“Of course it’s all it was. You know it.”
“Right,” he mumbles and turns away. His shoulders are hunched, and his stride powerful. I want to run after him. Tell him I’m full of shit. Tell him I still love him and it’s killing me.
But that’s the whole thing, right? I’m still in love with a shadow from the past—that’s what’s killing me.
So I’m doing the right thing by walking away. I’m looking out for myself. Which is what I need to do.
My vision blurred, I watch Ethan straddle his bike and disappear in a cloud of dirt, his red light dimming behind the branches, until there’s nothing left of him.
Then I get in my car, wait for my heartbeat to slow down, wipe my tears, and drive home to Damian.
He’s locked himself in the closet again, and this time I nearly lose it trying to pry the damn door open. But instead of giving into the temptation of a self-pity party—because, really, nothing is going right—I do the one, easy thing I can do to fix one thing in my life. I call Lucas and Thalia to have them send someone asap. I tell them where I hide the spare key, knowing I can trust them.

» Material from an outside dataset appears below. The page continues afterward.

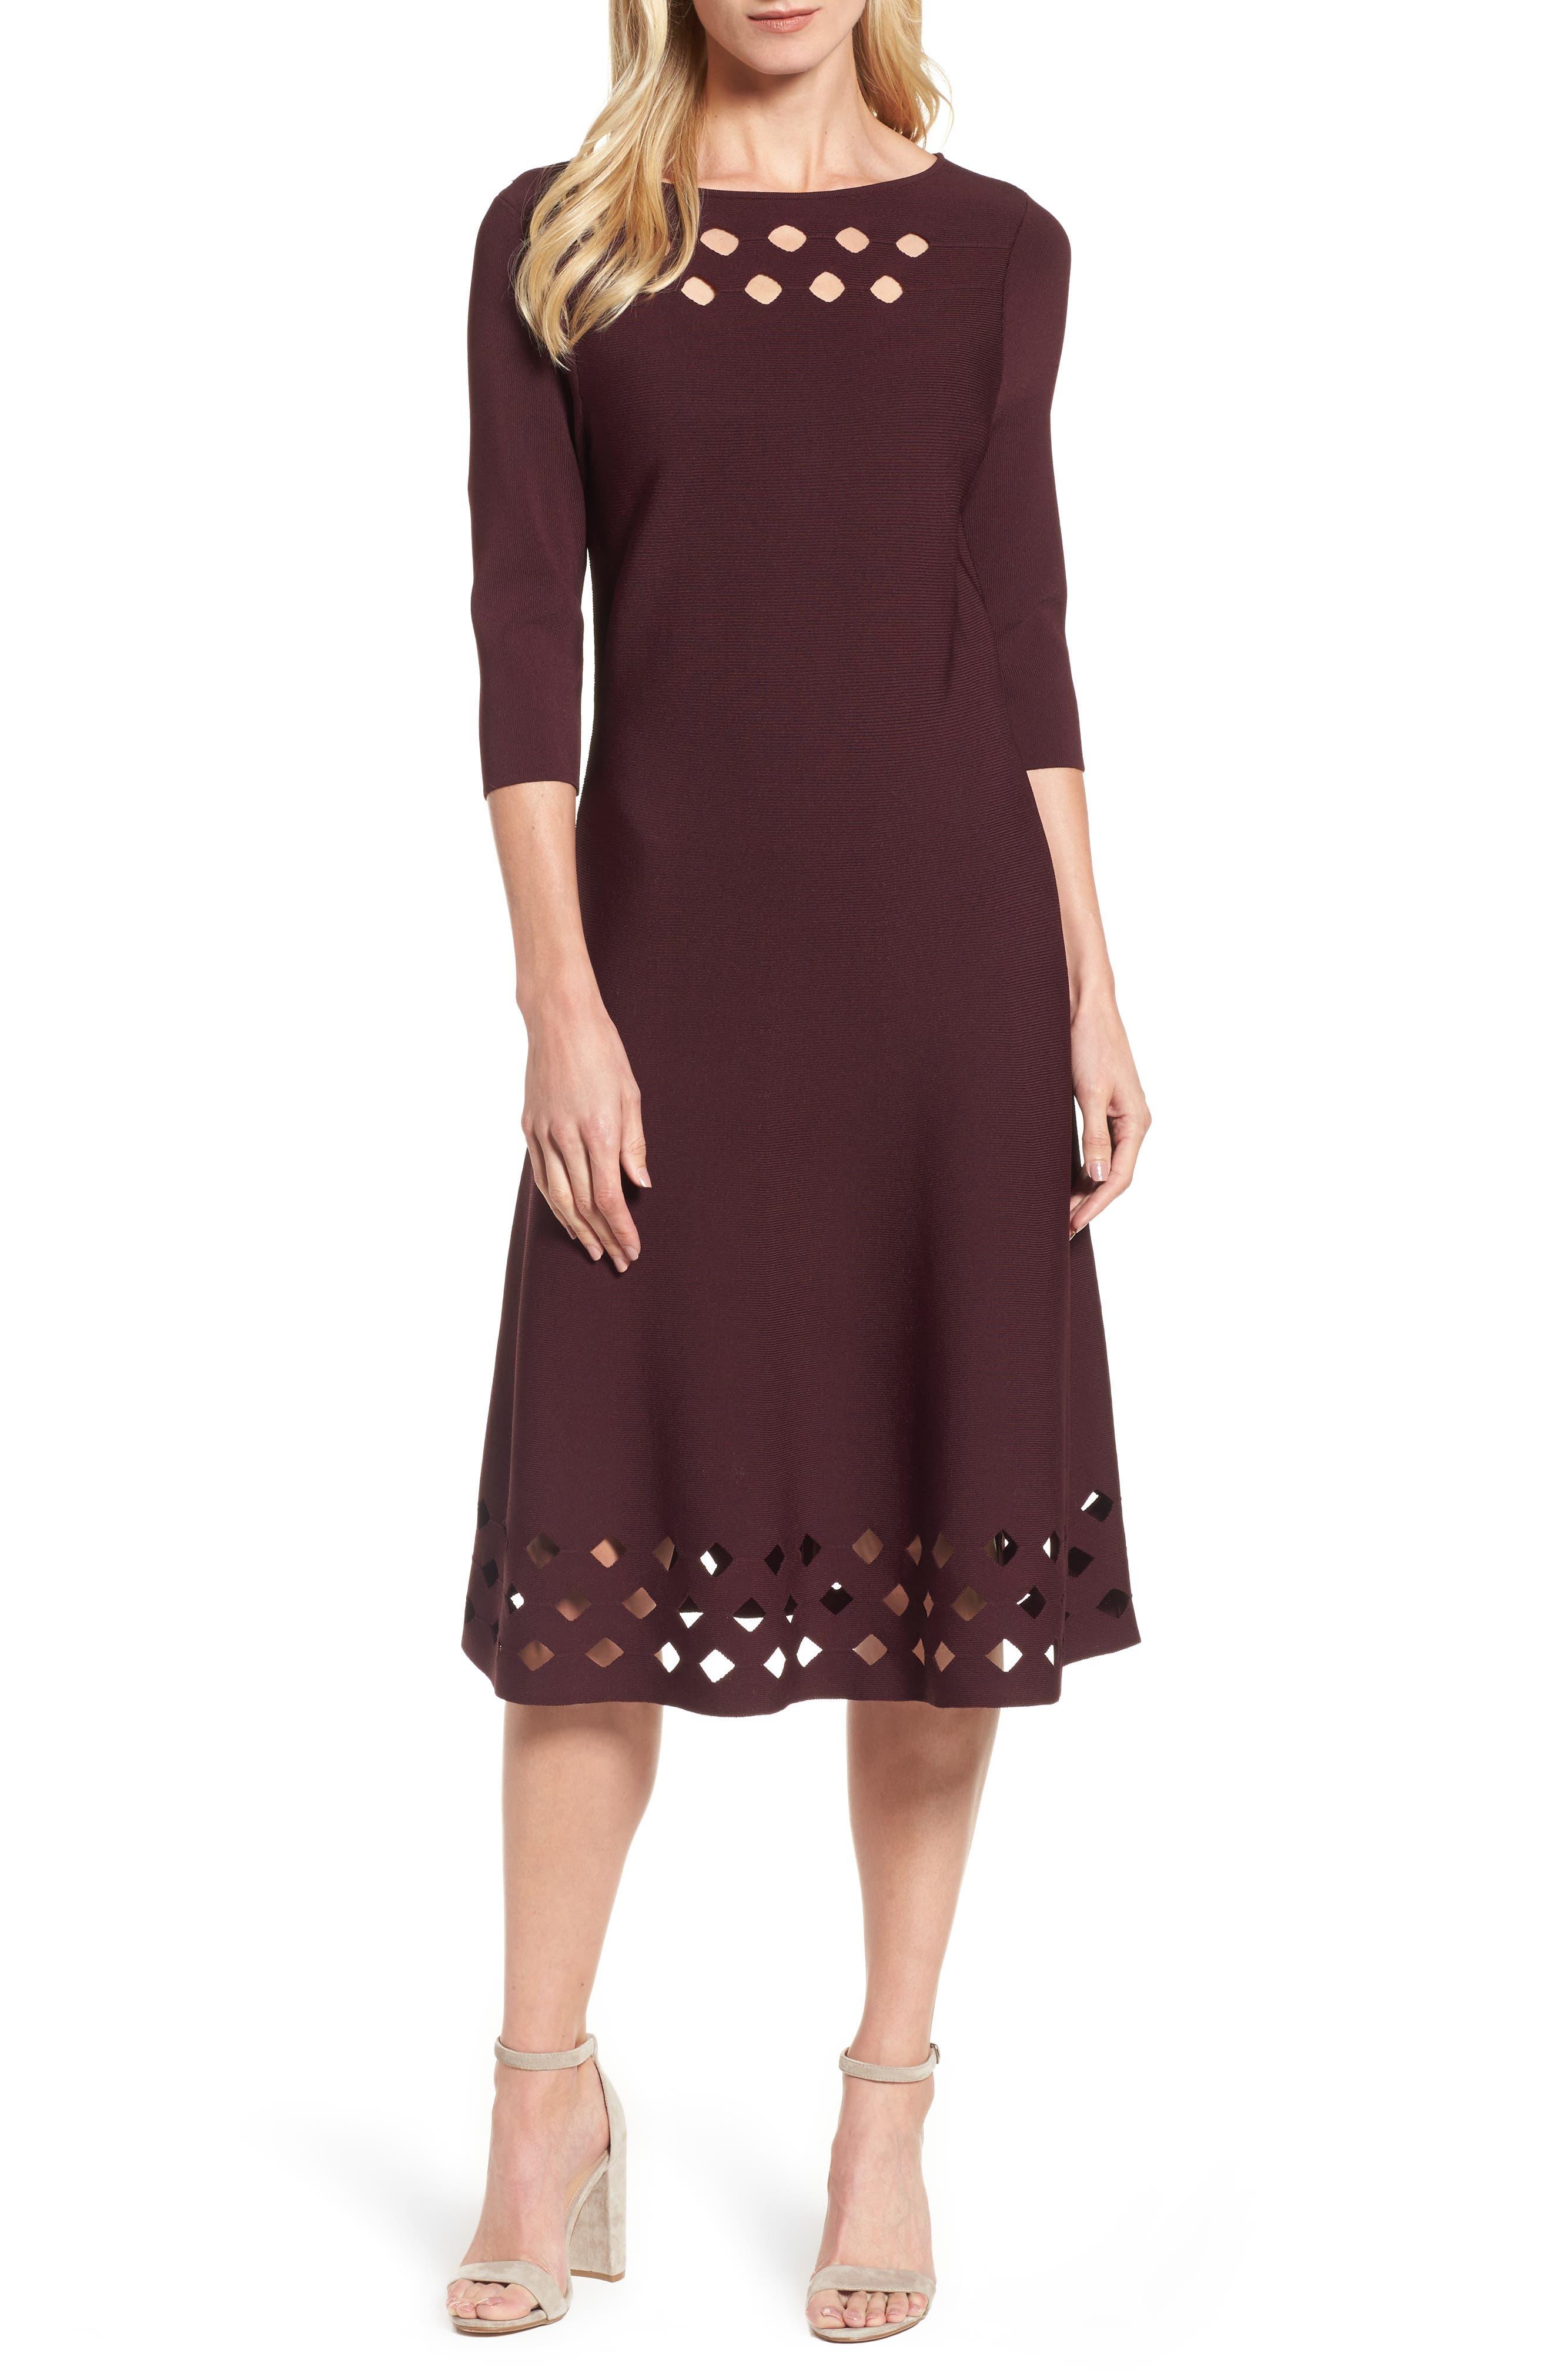 Alternate Image 1 Selected - NIC+ZOE Time Out Twirl Midi Dress (Regular & Petite)

When my phone dings with messages from the girls, I don’t even have the strength to check what they want. I put my phone on silent.

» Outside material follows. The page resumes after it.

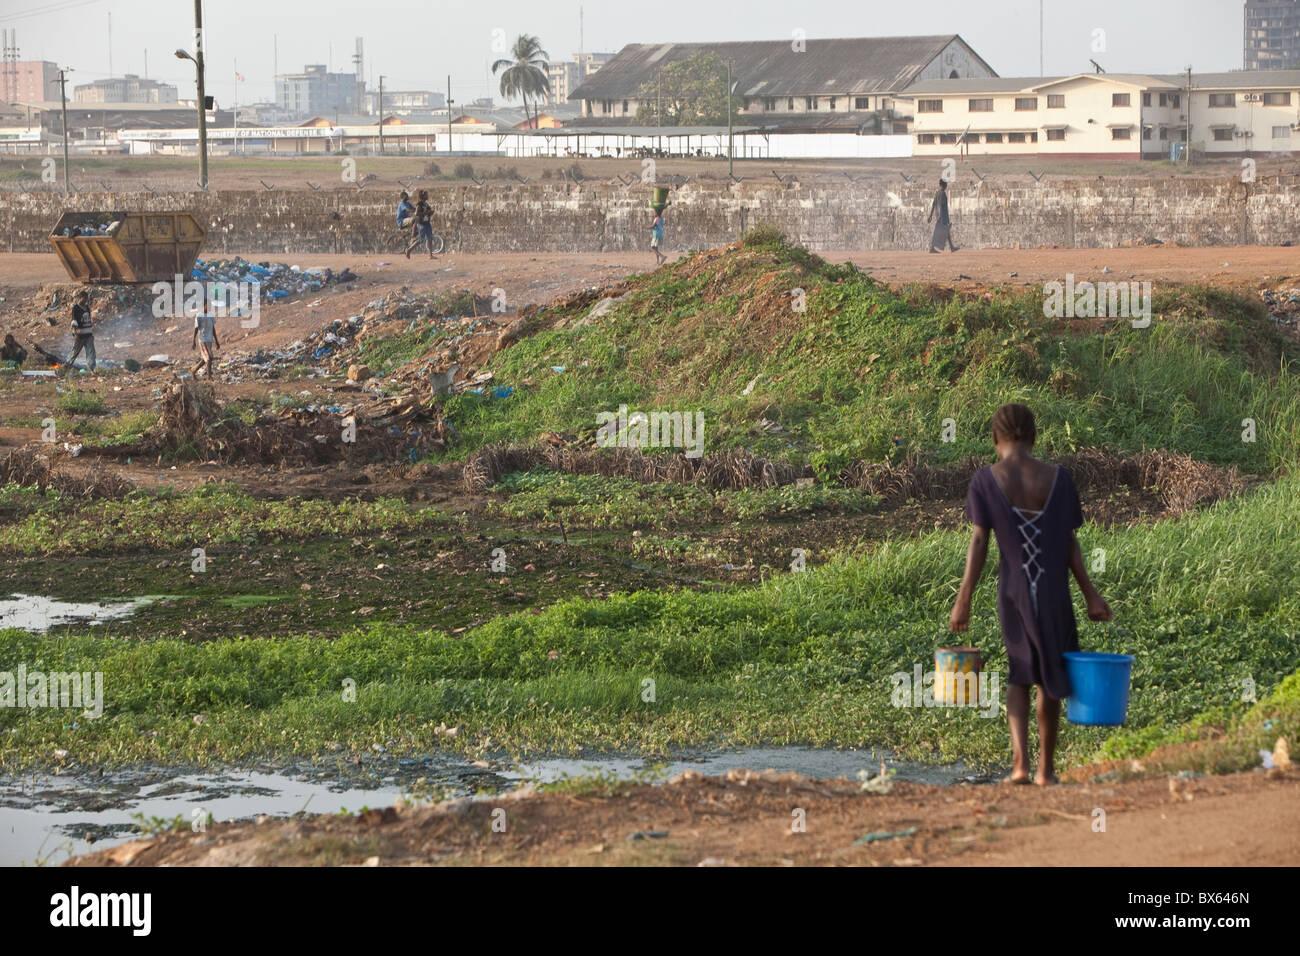 City scene along oceanfront | Monrovia, Liberia, West Africa. - Stock Image

I can barely stand myself right now. I’d be a shit friend.
twelve
Ethan
Igun my bike, leaving Grace in my rearview mirror, a dark shape that’s not even looking at me.
I don’t mean anything to her. Nothing at all. I need to let it go, clear my brain, cleanse my heart.
What was I thinking, again? Oh yeah, that just bringing her to the lake would trigger something. Make her tell me why she dumped me there, yelling things that made no sense. That worked out well. Did I think she was going to apologize?
We were barely older than the kids on the Varsity team I trained this week.
It’s not like no one told me that she was too young. Too young for me. Too young for love.
And I was too young too.
We were both unable to deal with the force of feelings we didn’t understand. Feelings of trust, and friendship, that grew over the years, then, with hormones kicking in, morphed into something so powerful, we couldn’t manage—or even understand—what was happening to us.
And so we failed. We crashed. I fled the scene, instead of trying to understand, mend, correct whatever had possessed her and build upon it.
I dip down Dewey’s Hollow, then up Woodbury Knoll, where we’d… ah fuck, I can’t do that.
There are too many memories, everywhere.
Even at the farm.
There’s one place though that wasn’t there back then.
My brother Justin’s pub.
And that’s where my wheels take me. To the Lazy Salamander, aka Lazy’s, now the heart of Emerald Creek, with its cozy booths, slick bar, tall ceilings, comfort food, and a shitload of local beers on drafts.
I sit my ass on a stool and watch with envy as Justin pours beers, chats up customers, checks his phone, and smiles like only someone in love can smile.
He has his shit together. He built something out of nothing. He created a hub for our hometown, something we needed desperately. In the time that I was gone, he and his best friend, Chris, became pillars of Emerald Creek.
Me? I have nothing to show for my ten years of hiding. Nothing that means anything here.
“You still around, man?” I turn to the deep voice and greet Colton. “Beer’s on me,” he tells Justin as he slides on a stool next to me.
“First was on the house,” Justin answers. “What can I get you?”